Although the molecule was originally designed to be an intravenous treatment for traumatic brain injury (TBI), Neuren scientists – led by then director of research Dr Mike Bickerdike – discovered in 2009 that the compound might be surprisingly effective in autism-spectrum disorders, such as Rett Syndrome.
The company subsequently abandoned the development of the drug as a TBI treatment in favour of redirecting efforts toward treating Rett Syndrome.
In children with the condition, mutations within MECP2 inhibit the formation of a molecule essential to cognitive and motor function.
The approval of Trofinetide for treating this disease will be the culmination of years of work by Neuren scientists and clinicians.

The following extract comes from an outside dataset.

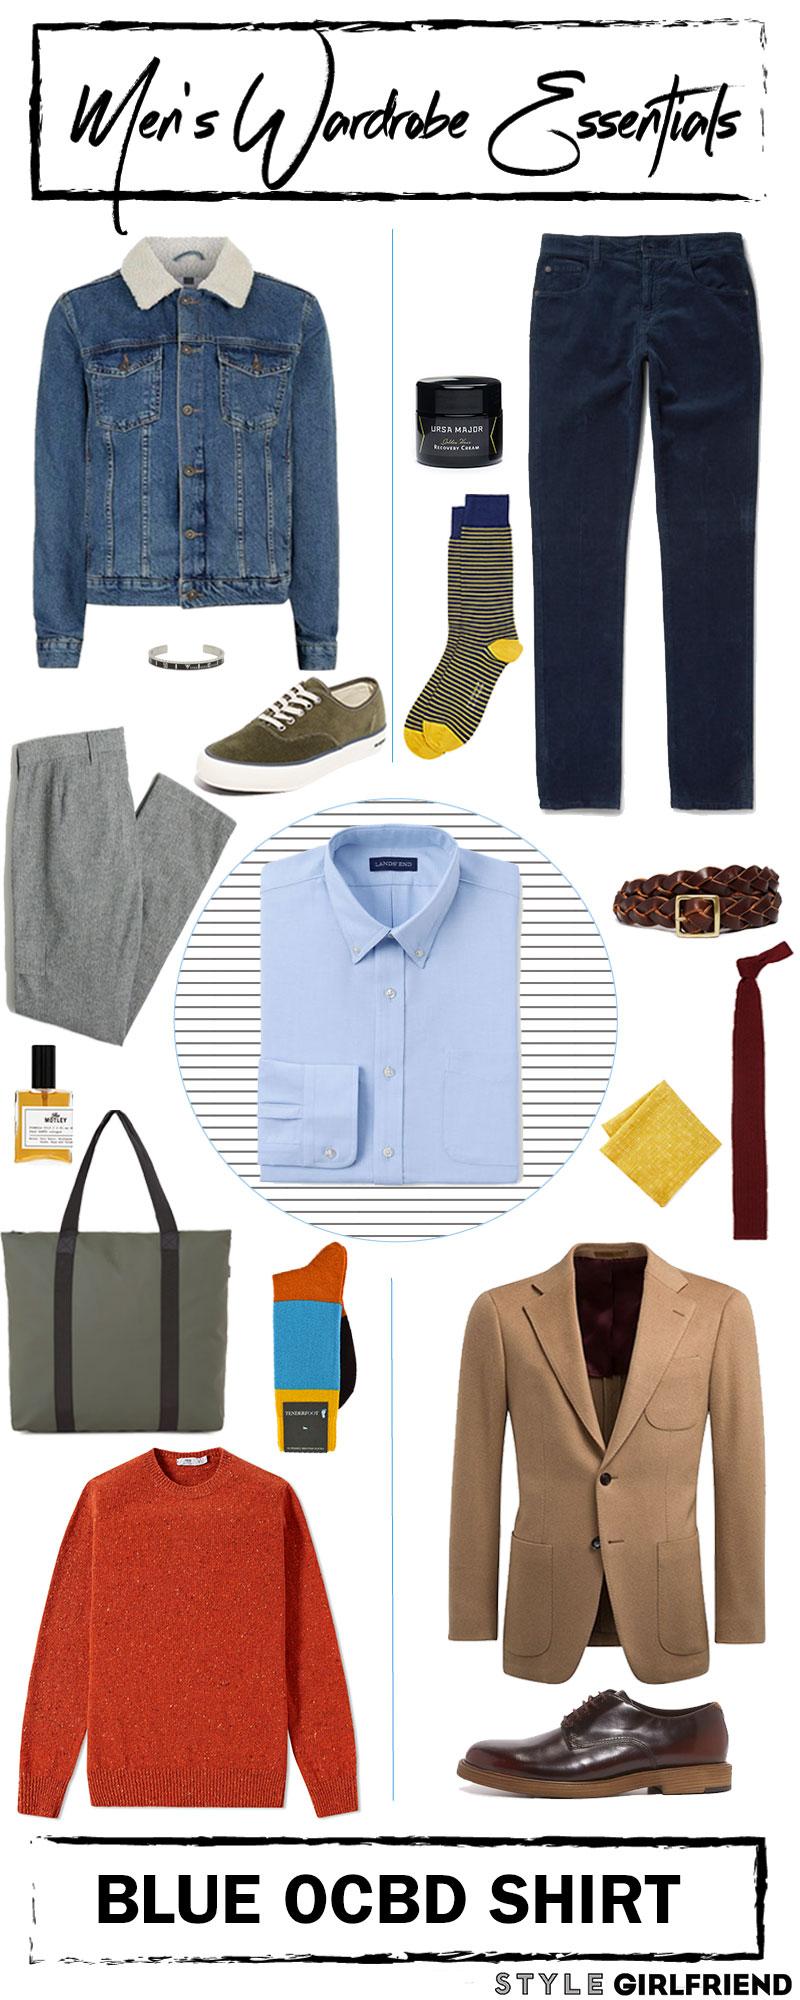 ocbd shirt, oxford shirt, menswear flatlay, flatlay, denim mens jacket, grey trousers, orange sweatshirt, ocbd shirt, style girlfriend,

Professor Sir Peter Gluckman. Photo / Supplied
Neuren partnered with US company Acadia Pharmaceuticals to carry out the expensive phase-3 trials, with Acadia paying US$10m (NZ$16m) for the drug’s exclusive rights in North America as well as royalties on any sales, plus up to US$455m (NZ$741m) in milestone payments.
Another potential target for Trofinetide is Fragile X syndrome: the most commonly inherited cause of intellectual disability, as well as the most common known cause of autism.
As with Rett, there are currently no medicines approved for its treatment.
Meanwhile, Neuren continued to develop a second related compound NZ2591 - also discovered by Guan and Gluckman – with potential use for other serious neurological conditions that emerge in early childhood.
It has already gained FDA approval to enter phase 2 clinical trials for the treatment of PhelanMcDermid syndrome, Angelman syndrome, Pitt-Hopkins syndrome and Prader-Willi syndrome.
While working as an academic at Liggins, Guan – now based in the private sector - has since been able to reveal much about the mode of action of this family of peptides.
*This story has been edited to reflect the contributions of others in Trofinetide’s discovery and development.